There are a few problems that this runs into. We call lack of fit
that results from these problems **noise**:

- Maybe we don't have enough data.
- Maybe the input feature or target output is imprecise
- Maybe we need more attributes

For least-squares regression, the standard loss function measures the squared error in y from x, in other words the squared difference between our prediction and the objective value.

N = amount of data w = vector of parameters for our model

J(w) = sum(n=1 to N)[tn - (w0 + (w1)(xn))]^2

One straightforward method of minimizing the error, or optimizing
the objective, is to initialize w randomly and then repeatedly minimize
it based on **gradient descent** in J

w <- (update to) w - lambda * derivative of J w.r.t. w

where lambda is the learning rate. The lower the learning rate, the longer it takes to get to the minimum, leading to smaller changes in w. The choice of our optimization method and learning rate is very important, and will be examined in more detail later.

The LMS update rule suggests that for a single training case we adjust using the error applied to the derivative.

We have two ways of generalizing this:

Stochastic / online update: Update params for each training case in turn, according to that cases own gradients

Batch update: sum or average updates across every example i, then change the parameter values afterwards.

There's an underlying assumption that the sample is independent and identically distributed(i.i.d.), i.e. the data has no bias. This assumption is applied to make the math for all these algorithms work.

Instead of examining values case by case, we take the derivatives, set to zero, and then solve for the parameters.

SOLVE: dJ(w) / dw0 = 0

Useful to work through this and get the expected result.
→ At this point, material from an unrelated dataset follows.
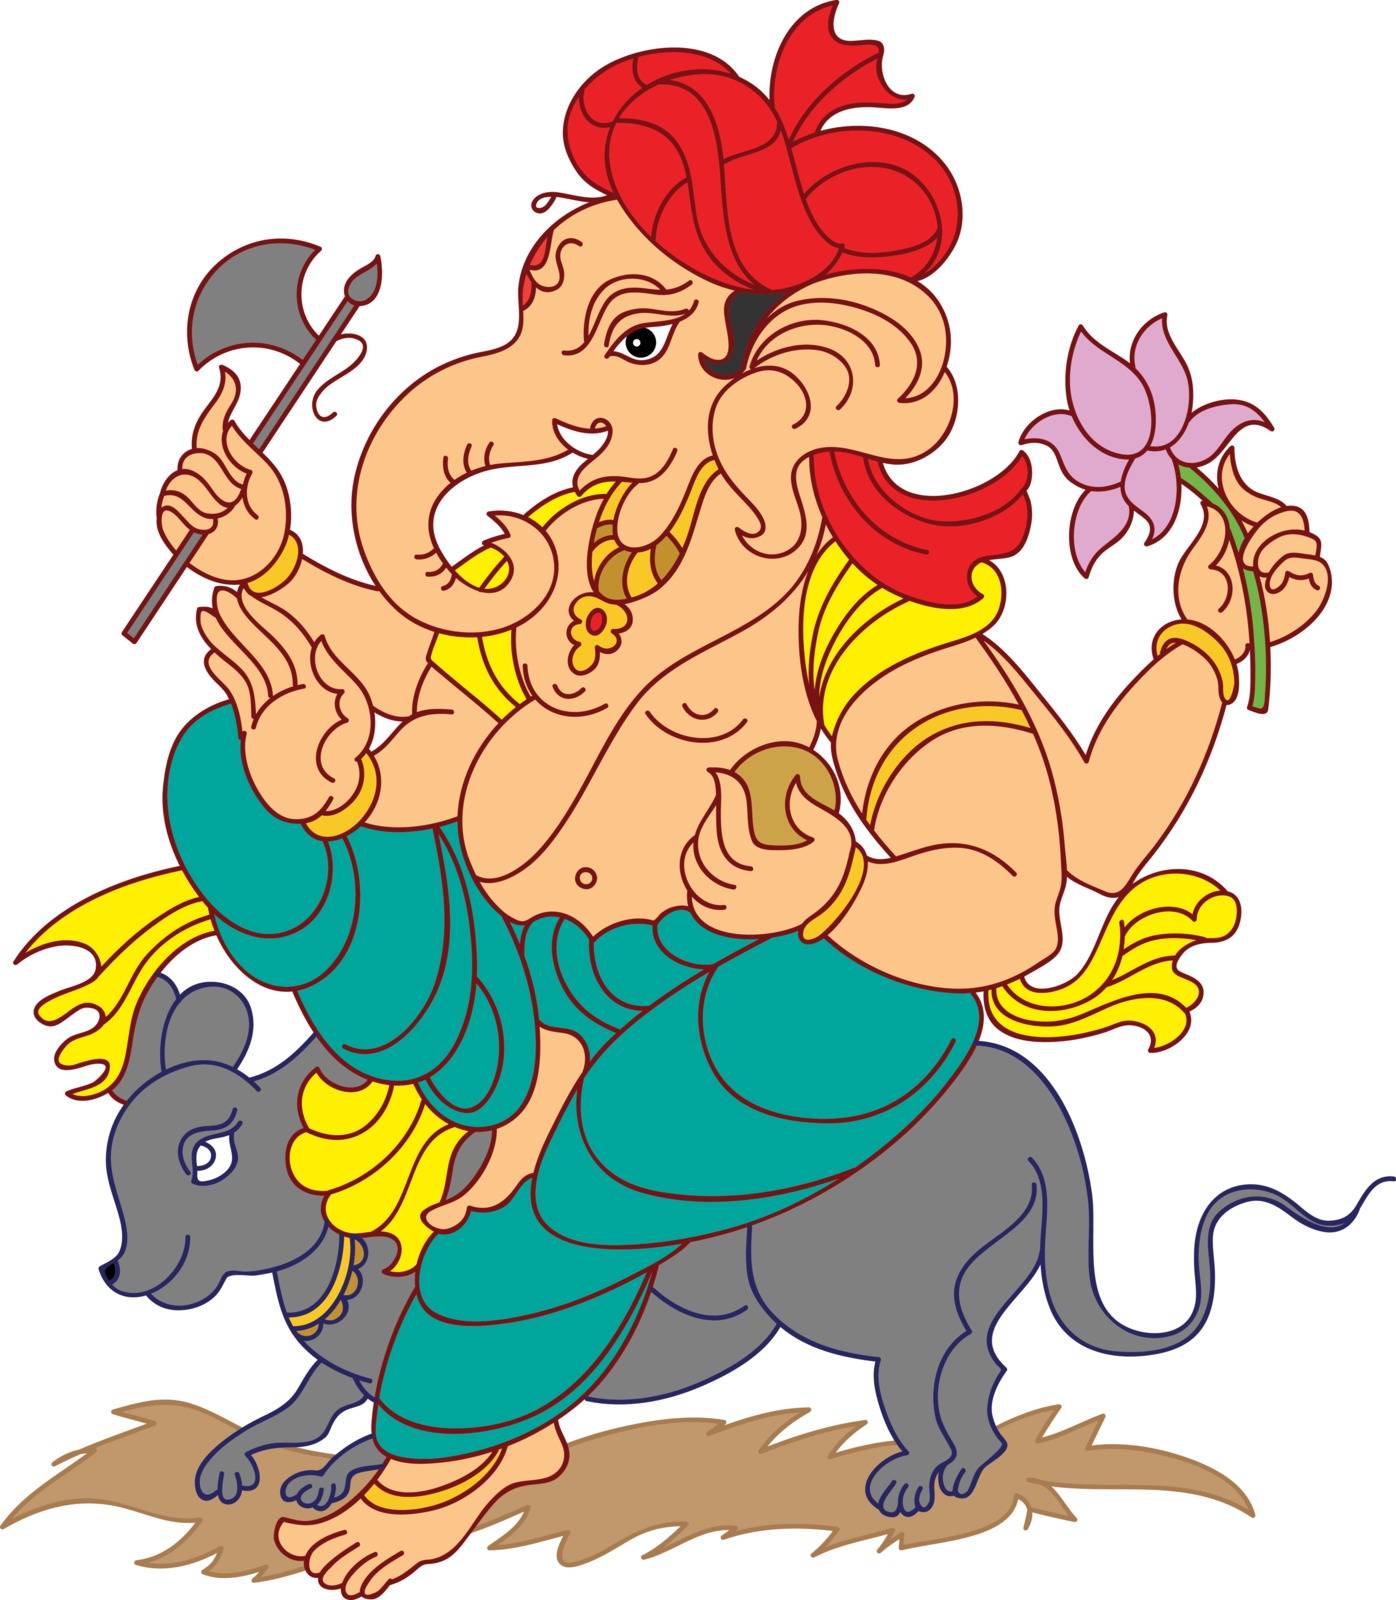 Ganesha The Lord Of Wisdom by AjayShri

An alternative to the least-squares objective is to try and minimize the absolute error (sum over n)|tn - (wT)(xn)|. (What is wT)? Taking the derivative of this isn't easy, so instead you have to solve a linear programming problem, which is more time-consuming.

As we will see later though, there are reasons to want to use this optimization method though.

When we generalize to more than one input, each training case's x value becomes a vector of x1 to xd, representing each of the input values.

Essentially we have a polynomial function with x0 = 1, so in the form

y = w0 + w1x1 + w2x2 + ...

We can try to fit a polynomial function to our regression by defining input vars that are combos of components of x.

Regularization, otherwise known as weight decay, aims to find the simplest model that fits the data the best. We can modify the least-squares method to fit this.